The events of the past few weeks, when leaders of the Democratic Alliance and the Economic Freedom Fighters, the two main opposition parties, were found on the wrong side of ethical conduct, have dented confidence in them.
We read with disappointment how watchdog leaders hogged headlines for two successive weeks – for all the wrong reasons.
An alleged gift of a car from the controversial former Steinhoff chief executive officer Markus Jooste and a donated-cum-rented house for the DA’s Mmusi Maimane.
An expensive car allegedly bought with money stolen from the poor via a VBS bank looting spree and a Gupta-styled wedding for the EFF’s second-in-charge, Floyd Shivambu.
While “Mr Clean” Maimane surprised many with the “rented” car and house, the same cannot be said of the EFF, which was corrupt even before it was born: its very establishment was bankrolled by a man associated with illicit cigarette trading where tax dodging was the norm.
Added to that, EFF leader Julius Malema’s tenderpreneurship escapades in Limpopo are well recorded.
They may have denied, as could be expected, but that does not change the public perception that they are as corrupt as the ANC they always criticise.
With these accusations hanging over their heads, you get a clear impression that, once given power, they would abuse it like the ANC has been doing for so long.
Indications are that the ongoing corruption by government would be nothing compared with what it would be under the EFF should it assume power in years to come.
I am not sure if the DA will ever get power, looking at how its support dropped in the May election after enjoying a steady rise in successive elections since 1994.
The main opposition parties may not be in power in the true sense of the word, but they hold shadow power. Their leaders are influential in their constituencies and their members listen to and do what those leaders say.
Besides, their salaries and perks are funded by the taxpayer and so is their constituency work and election campaigns.
Accountability should not only be confined to the governing party, but all political parties.
All the opposition leaders should be held to the highest standards of accountability in the same manner as the president of the country.

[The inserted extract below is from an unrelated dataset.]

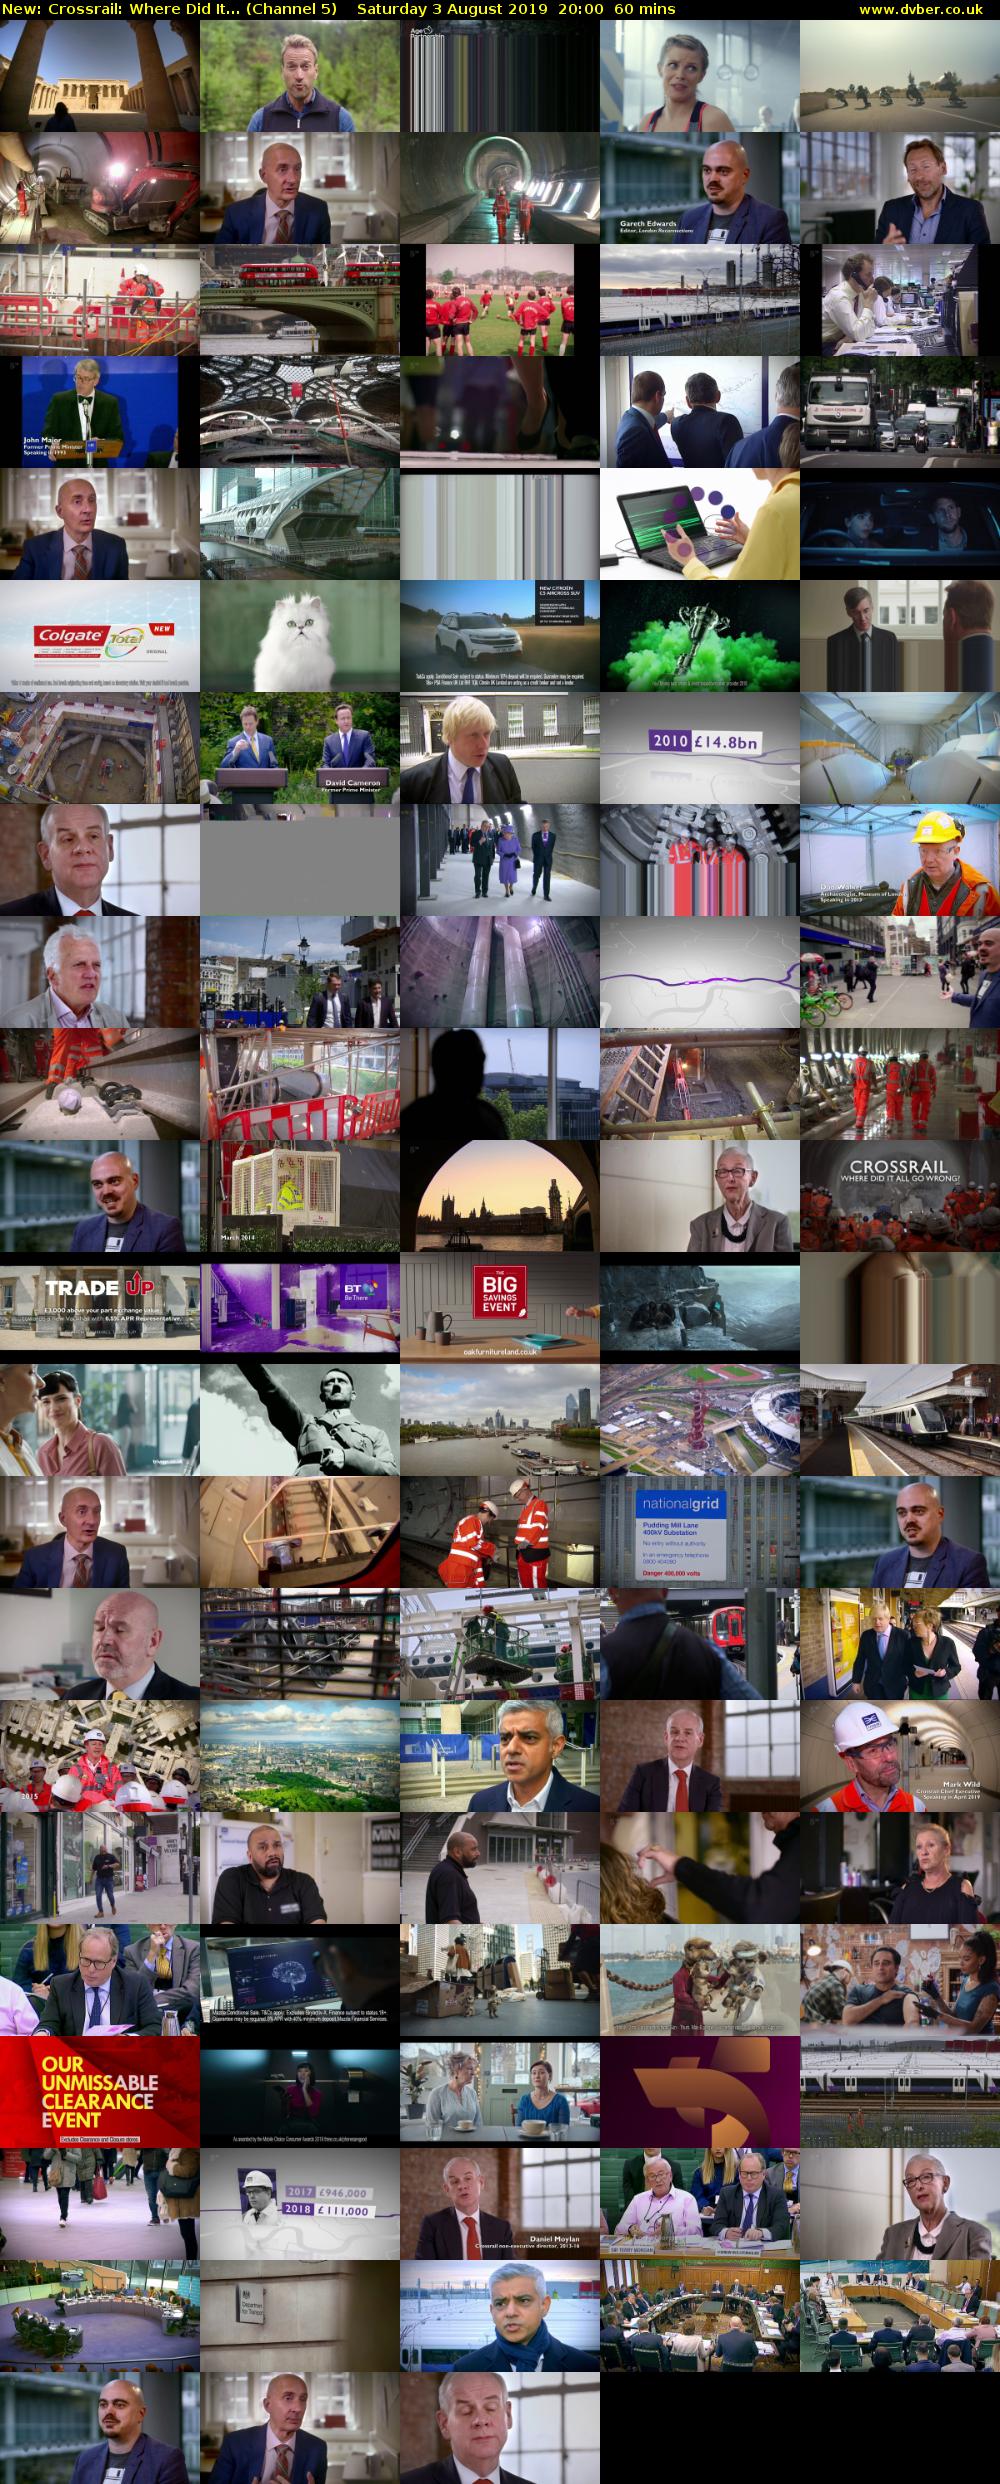 Crossrail: Where Did It... (Channel 5) Saturday 3 August 2019 20:00 - 21:00
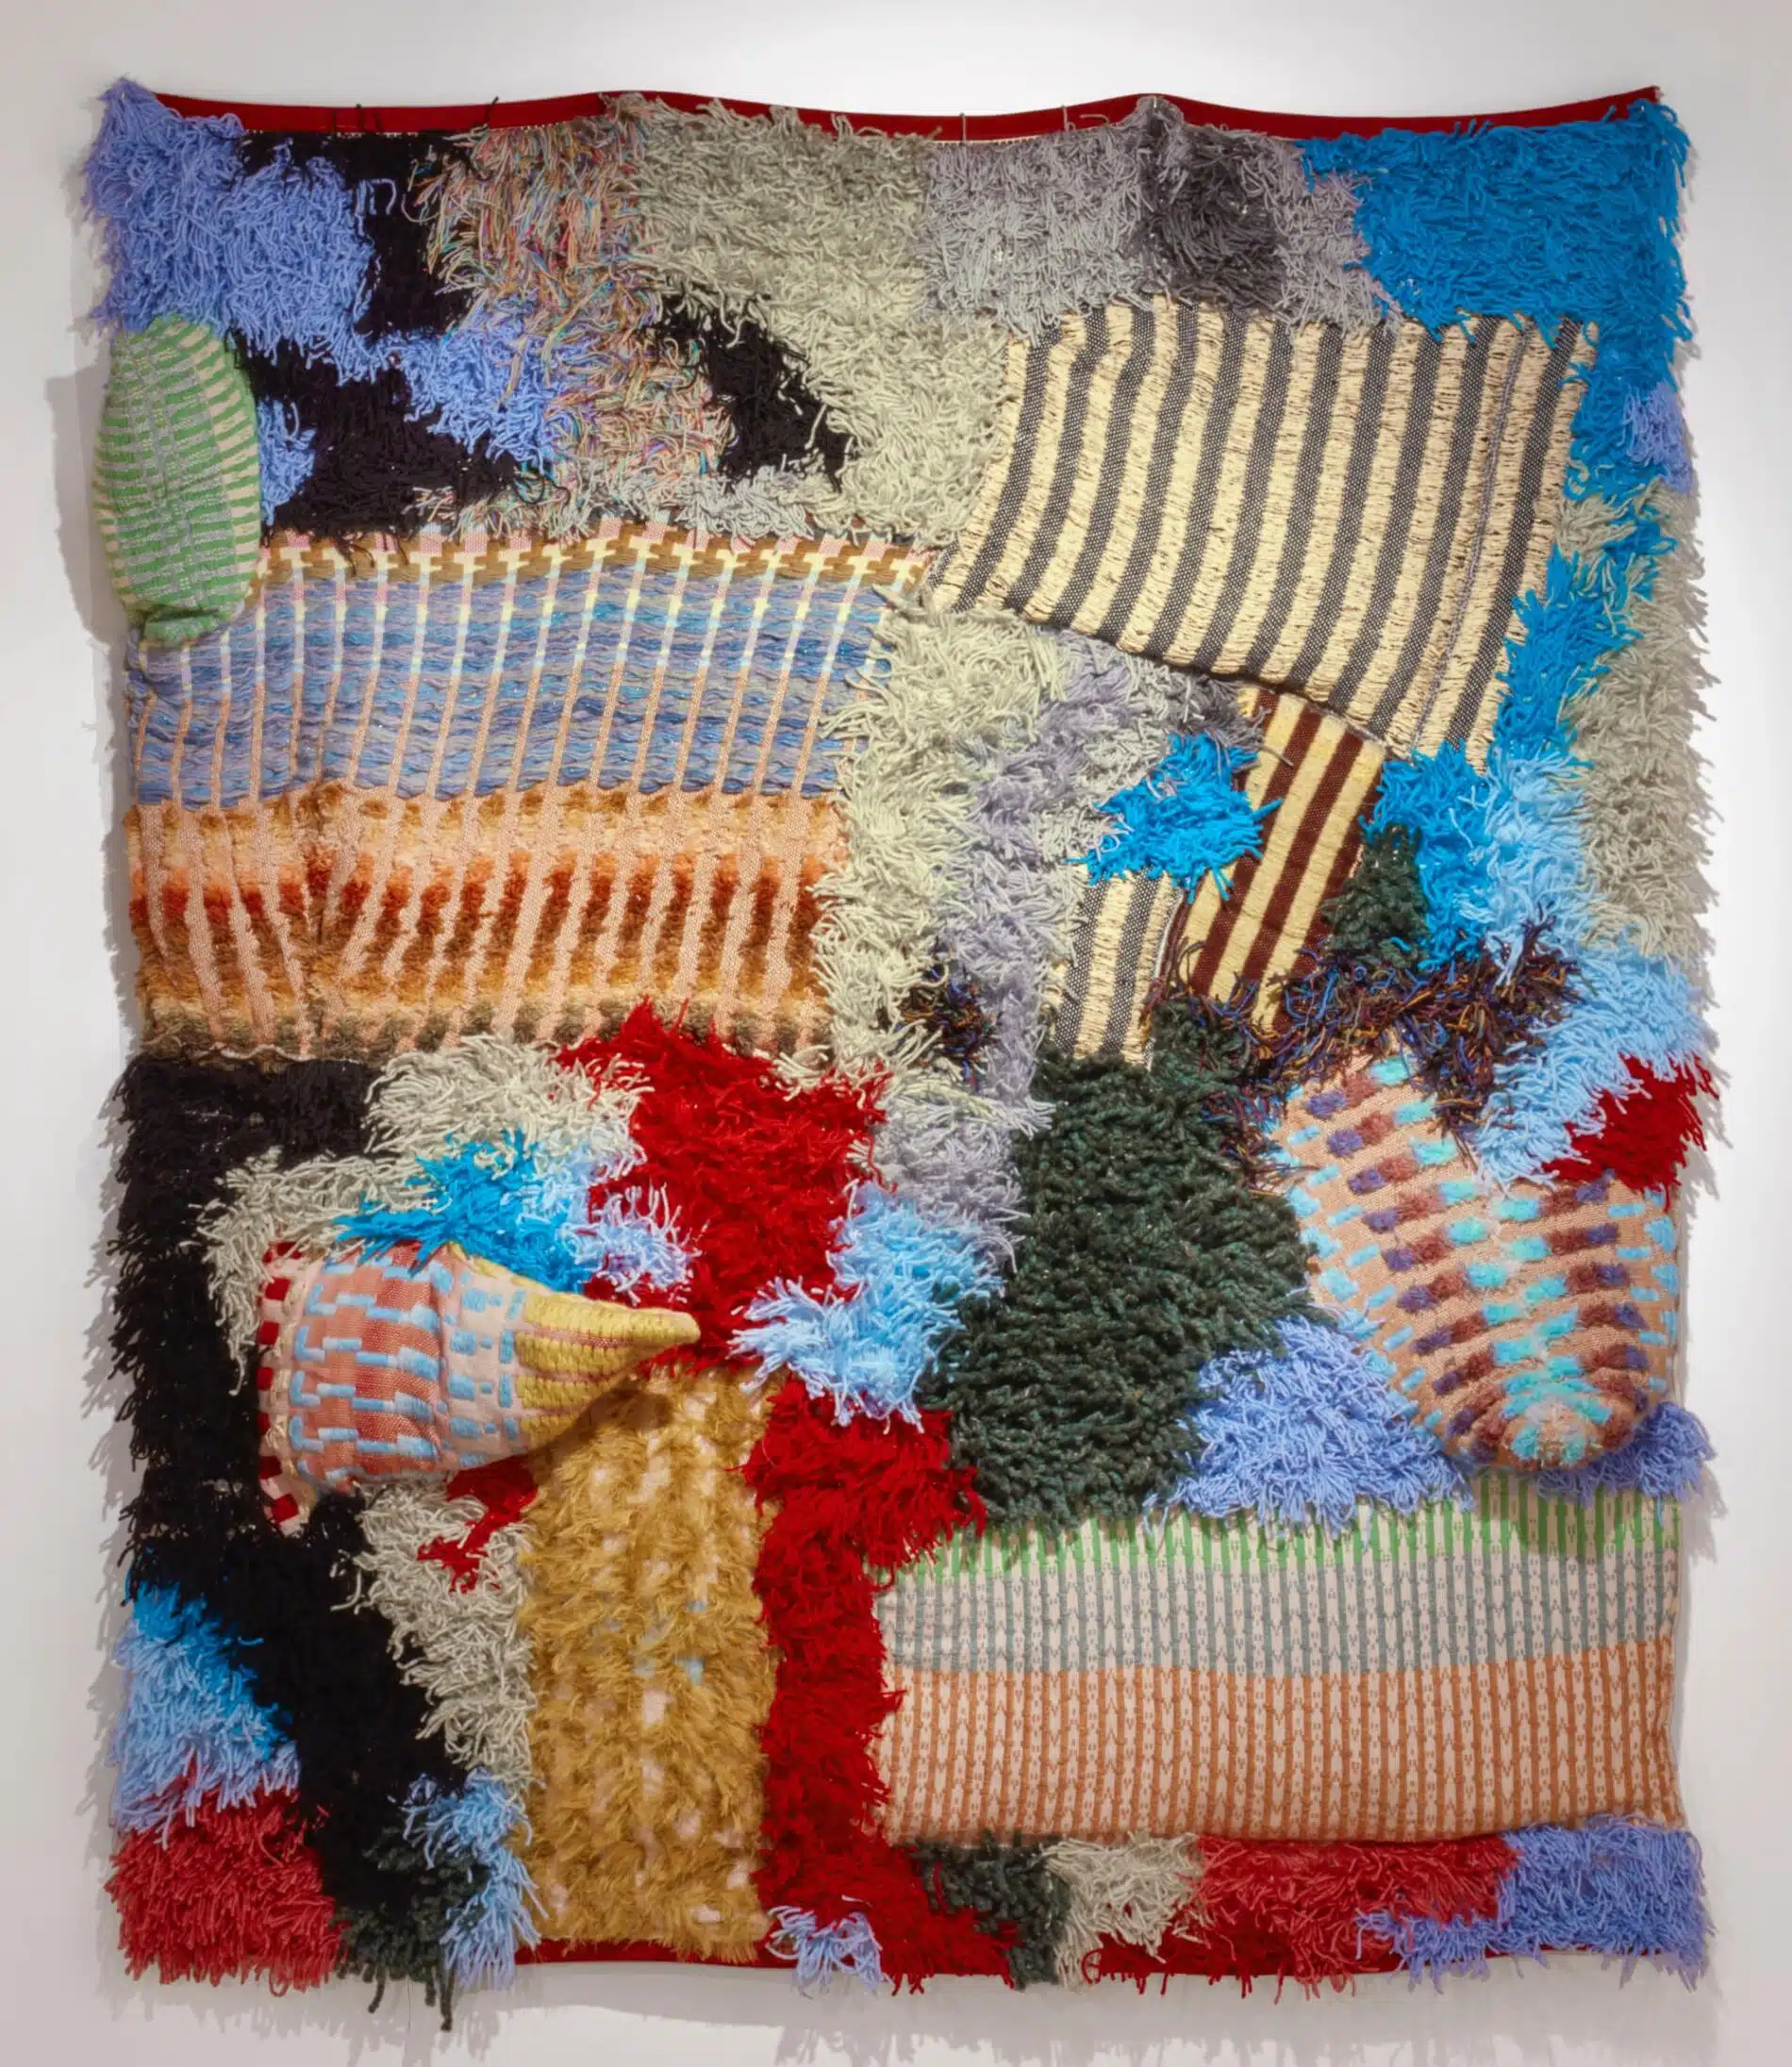 Sarah Zapata obra textil How often they move between the planets II

We can also blame the current party list-based electoral system used to elect public representatives since 1994. In terms of the proportional representation system, which all the major parties support, except smaller ones like Cope, elected members do not account to the electorate but their respective political parties.
This country needs to get rid of this system and allow one where the voters will decide who must be elected and form a government.
Those same voters would decide to remove those they feel are not doing what they want – and that is democracy.